Production data is generated by real people using your application. Depending on the size of your user base and your application’s complexity, the volume of production can become very large, very quickly – which is why it’s typically divided into subsets based on testing needs. 

Note that production data often contains sensitive information relative to compliance issues, such as medical and financial data, that require obfuscation.  

2. Synthetic Data

Synthetic data is created either manually or with automated testing tools. It simulates real user behavior as closely as possible. 

Although it circumvents the need for data blurring, synthetic data does have limited usefulness. It’s primarily used for load testing new features. 

Accurately creating synthetic data requires a high level of expertise, although an automated test data management tool makes it easier. 

3. Valid Data

Valid data is the term used to describe data produced when no unexpected errors or incidents occur. The data’s format, values, and quantity align with pre-test expectations. Valid data tests what’s called the “happy path,” which is when the user’s journey follows the anticipated course. 

4. Invalid Data

Invalid data derives from the “unhappy path.” It is the data from unexpected scenarios and faults. Invalid data is also used as a part of chaos testing, which tests the limits of an application under a deluge of bad data. 

What Makes “Good Quality Data” for Software Testing Purposes?

Software testing checklist

Testing with incomplete or irrelevant data is often worse than forgoing testing entirely, as the conclusions drawn, and subsequent actions taken will be incorrect. But how do organizations identify “good” data for software testing purposes? Look for these three data quality characteristics:

1. Accuracy

Good data mirrors real-life procedures closely. If using masked production data, it should directly pertain to the area you’re testing – it can’t be a random sample of user behavior. Synthetic data should accurately resemble real user behavior, including their unpredictable nature. 

2. Validity

Good data matches the purpose of your testing scenario. For instance, most online shoppers don’t purchase 200 quantities of a single item, so extensive testing of system behavior in that scenario is a poor use of resources. However, you do want to test for situations where people purchase ten items. 

3. Exceptions

Data should cover issues that likely will happen, but infrequently. A scenario where a customer pays for an item with a coupon code is a common example of “exception data” in the e-commerce arena.  

What Questions Should You Ask Before and While Planning for Data Testing Management?

Testing success is largely determined in the planning phase. During the initial stages, teams should ask the following questions.

1. What Data Do We Need?

Determining what data needs collecting is a two-part process. First, it must relate to the testing scenario. It must also have business relevance to help testing remain cost-effective and efficient. 

2. How Much Data Do We Need?

Too much data, such as copying all production data, is costly, time-consuming, and overly complicates the process. On the other hand, if the sample size is too small, the results will be inaccurate. 

3. When Do We Need the Data?

Is the testing scheduled, or should the data be available on-demand? Teams should coordinate all test schedules and refresh cycles before testing begins. 

4. What Type of Testing Is Needed?

Software testing automation requires stable, predictable data sets. If the data necessary for your test varies considerably, manual testing might produce better results. 

5. What type of tool do I need?

What type of tests would you need to perform? Will you need tools to carry out exclusively UI Tests, performance testing, API tests, and website tests? iOS, quality assurance, Android, Linux, Windows? Or will you need a full stack tool to carry all these types of tests?

Steps in Managing Data Testing

steps in setting up a robust test data management system (TDM)
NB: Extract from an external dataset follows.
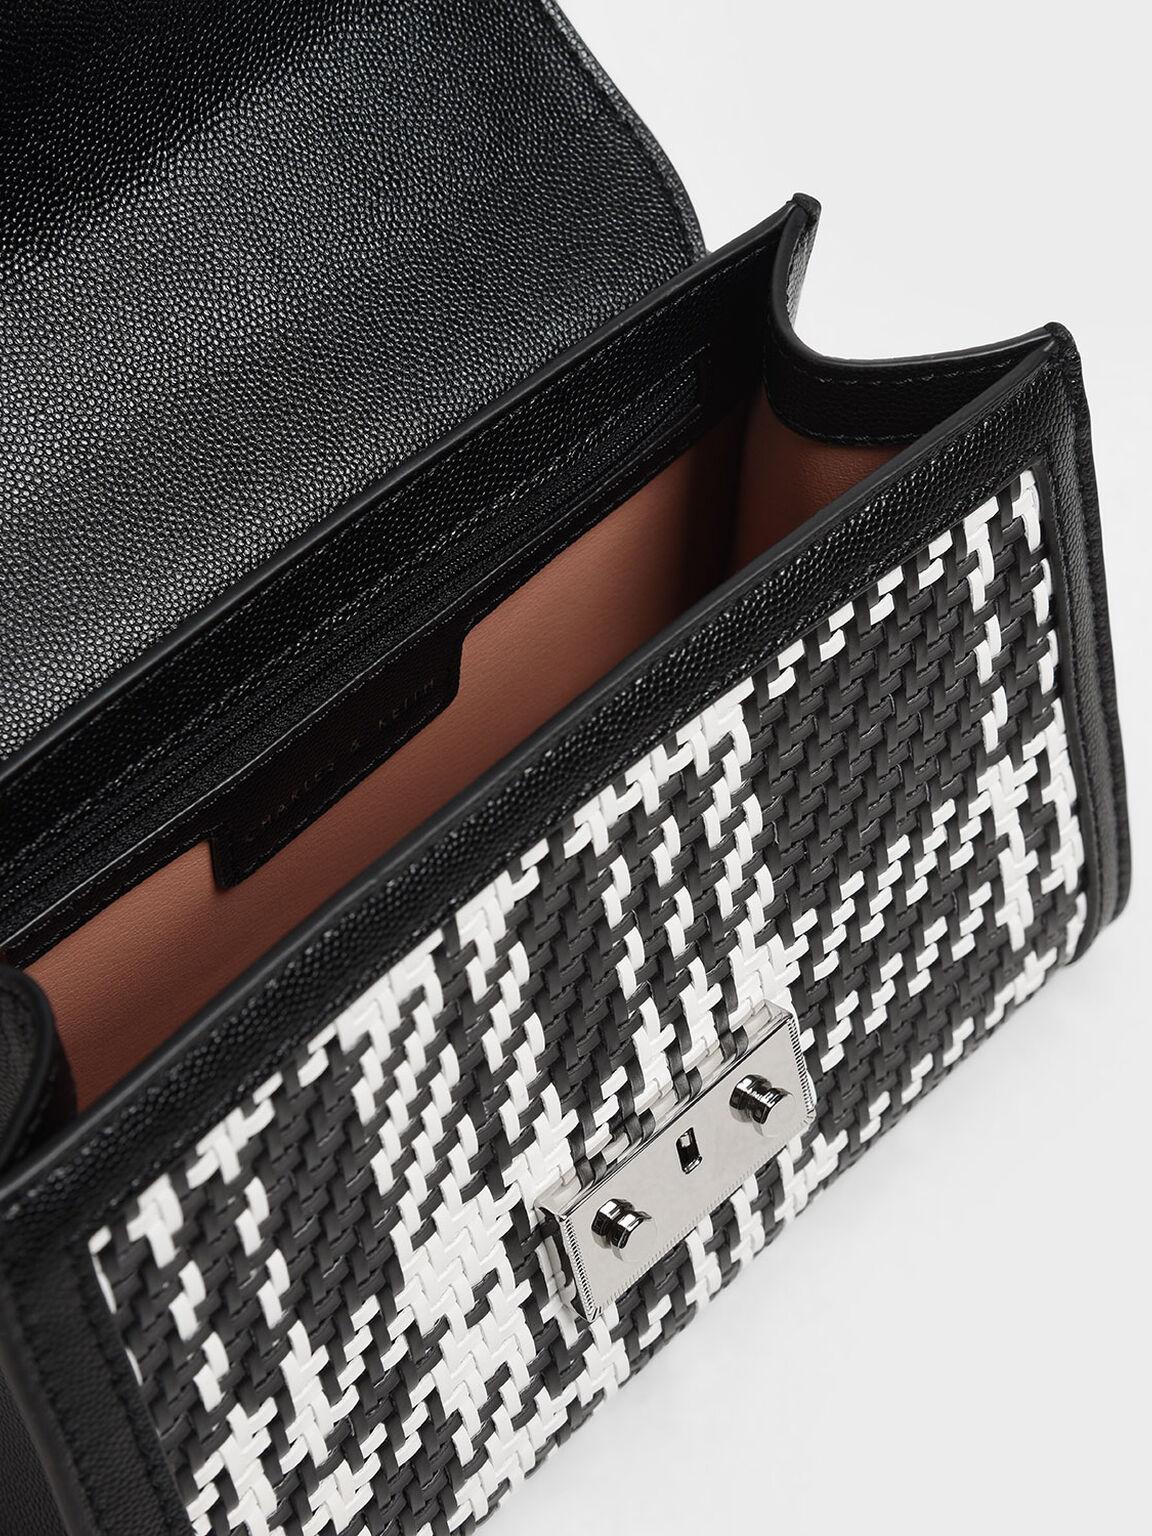 Woven Detail Clutch, Black, hi-res

While specifics will vary, enterprise-level software developers will generally follow these steps when implementing a TDM strategy. 

1. Data Creation – Techniques in Generating Data for Testing, etc.
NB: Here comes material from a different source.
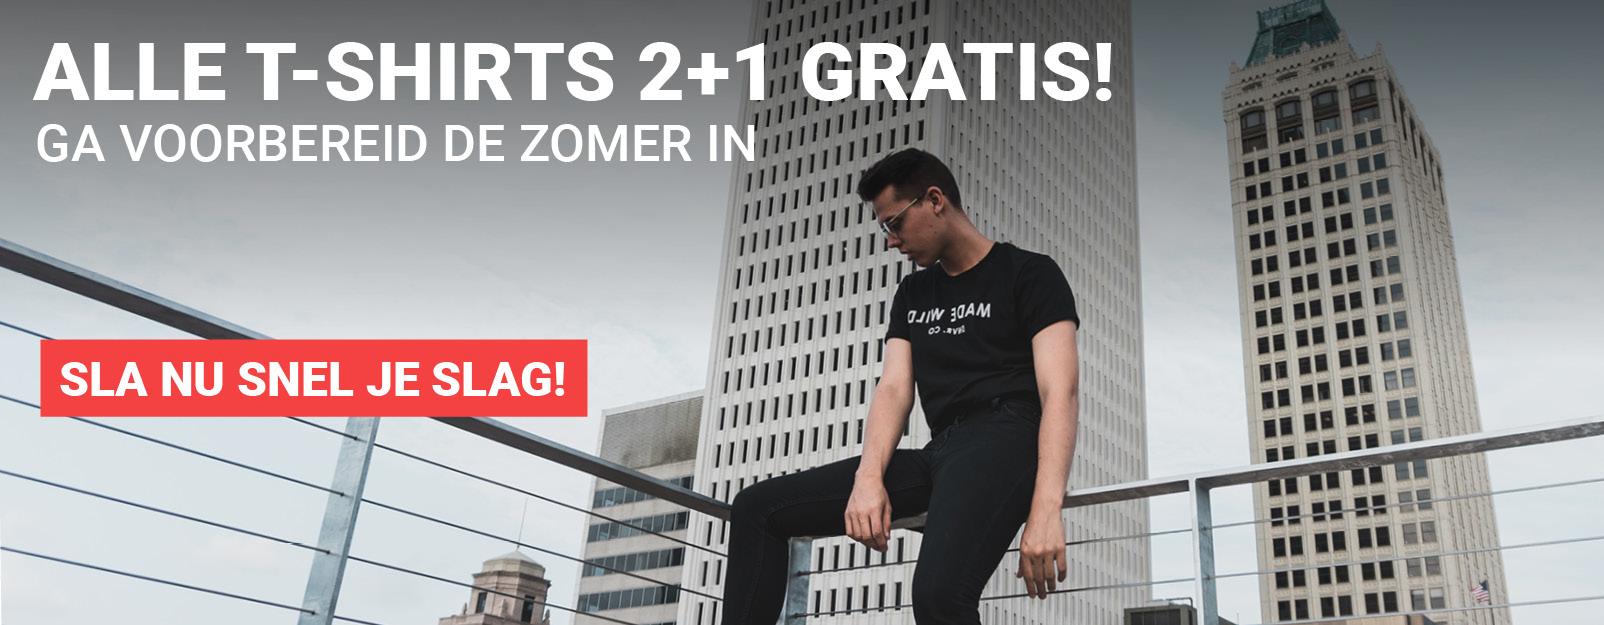 Alle T-shirts 2+1 gratis!

To generate effective data, you’ll need to consider its accuracy and relevance. Does it replicate realistic scenarios? Additionally, you need to generate exception data, which covers scenarios outside typical user activity. 

2. Data Obfuscation

You will need to mask all production data to remain within regulatory compliance. The most common types of obfuscation include anagramming, encryption, substitution, and nulling. While manual obfuscation is possible in a limited capacity, enterprise-level masking requires automated tools.  

3. Data Slicing

Copying all production data is often a waste of resources and time. With data slicing, a manageable set of relevant data is gathered, increasing the speed and cost-efficiency of testing. 

4. Provisioning

Provisioning occurs after the data is obtained and masked. During provisioning, data is moved into the testing environment. Automated tools provide the ability to enter test sets into test environments using CI/CD integration, with the option for manual adjustment. 

5. Integrations

Test data from multiple sources within the IT ecosystem must be integrated into the CI/CD pipeline (the CI/CD pipeline is the established process for code changes). Achieving integration requires early identification of all data channels. 

6. Versioning

Creating versions of test data helps teams repeat tests to gauge results. Additionally, versions allow for the monitoring of precise alterations to testing parameters. 
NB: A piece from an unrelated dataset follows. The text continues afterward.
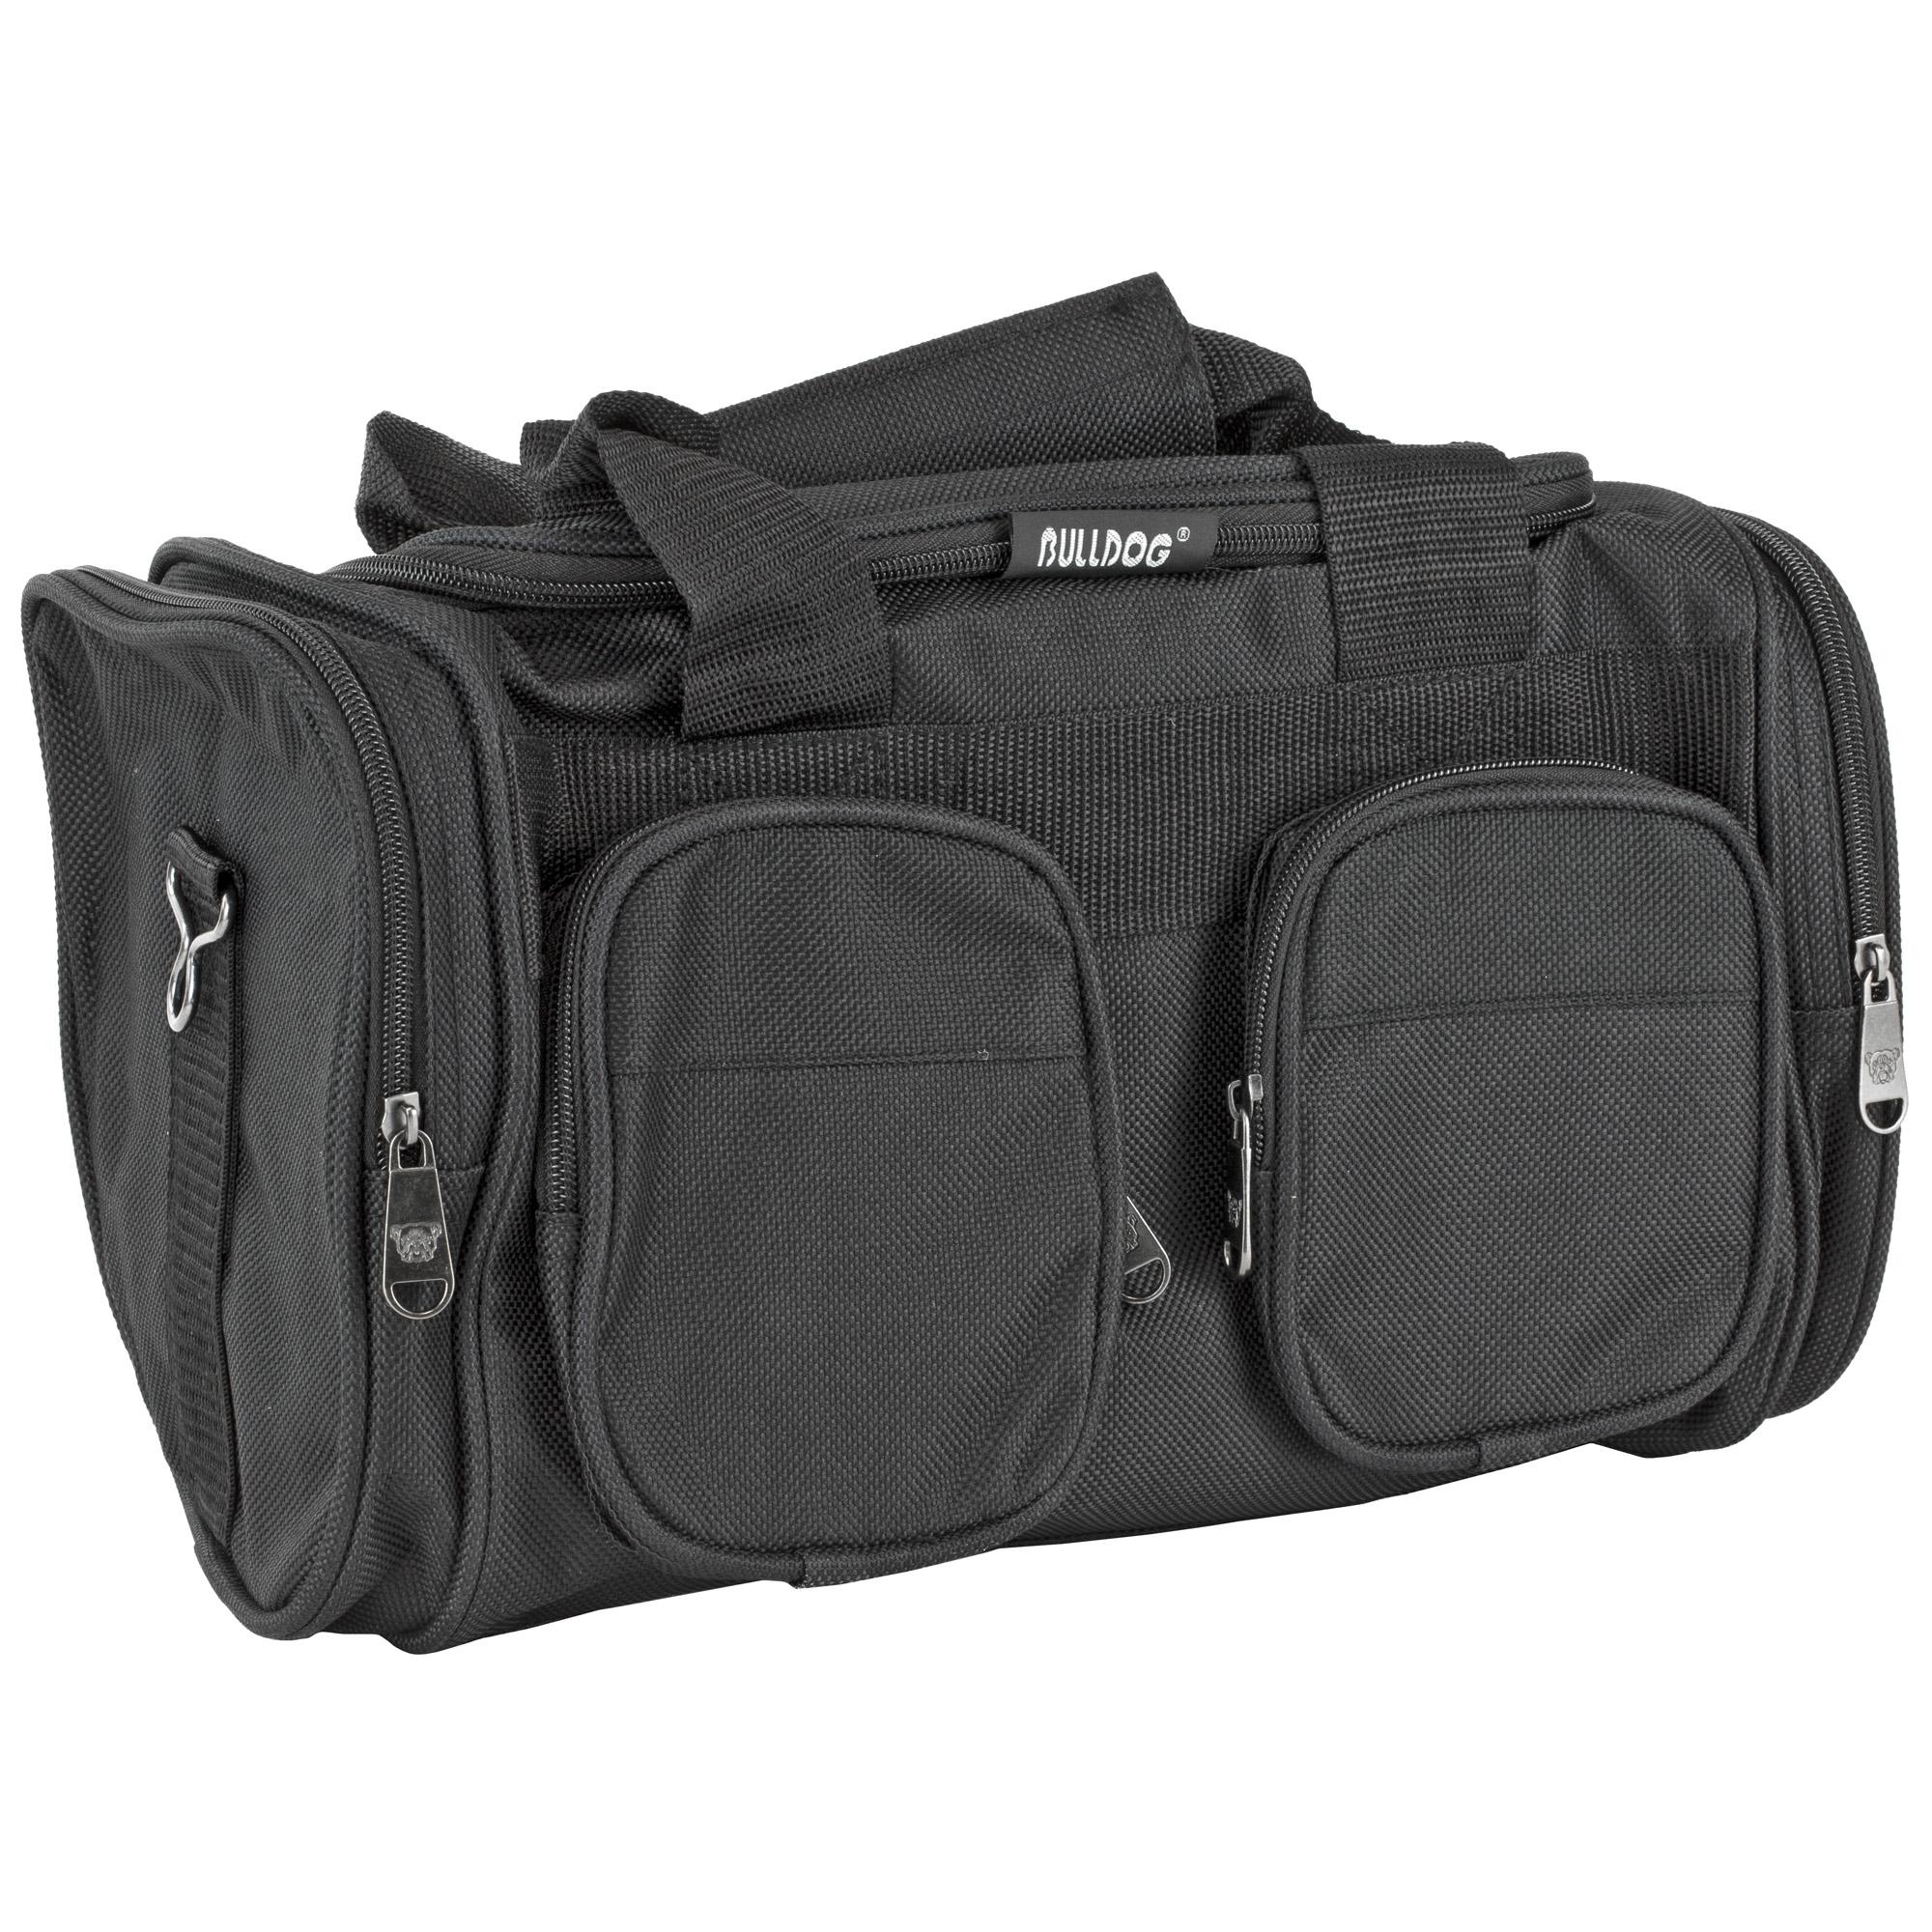 Bulldog Range Bag Econ W/strap Blk

Characteristics & Properties of Test Data Management

TDM adapts to the ever-changing needs of any software development project. However, regardless of any adjustments needed for an organization, the TDM process will also display the following characteristics: 

1. Improved Data Quality and Fidelity

TDM increases the accuracy and realism of your testing data so that it provides a truly representative sample of user behavior. All processes ultimately lead to one goal: a reliable, stable user experience.

2. Regulatory Compliance

Test data management software ensures all production data is sufficiently masked before testing, keeping your organization with all privacy regulations. By remaining compliant, you’ll avoid legal repercussions, including fines, and negative public relations issues. 

3. Improved Product Quality

Quality assurance is a time-consuming, costly process – but also necessary for launching functional, user-friendly applications. TDM processes allow for faster error identification, improved security, and more versatile testing compared to the traditional siloed method. 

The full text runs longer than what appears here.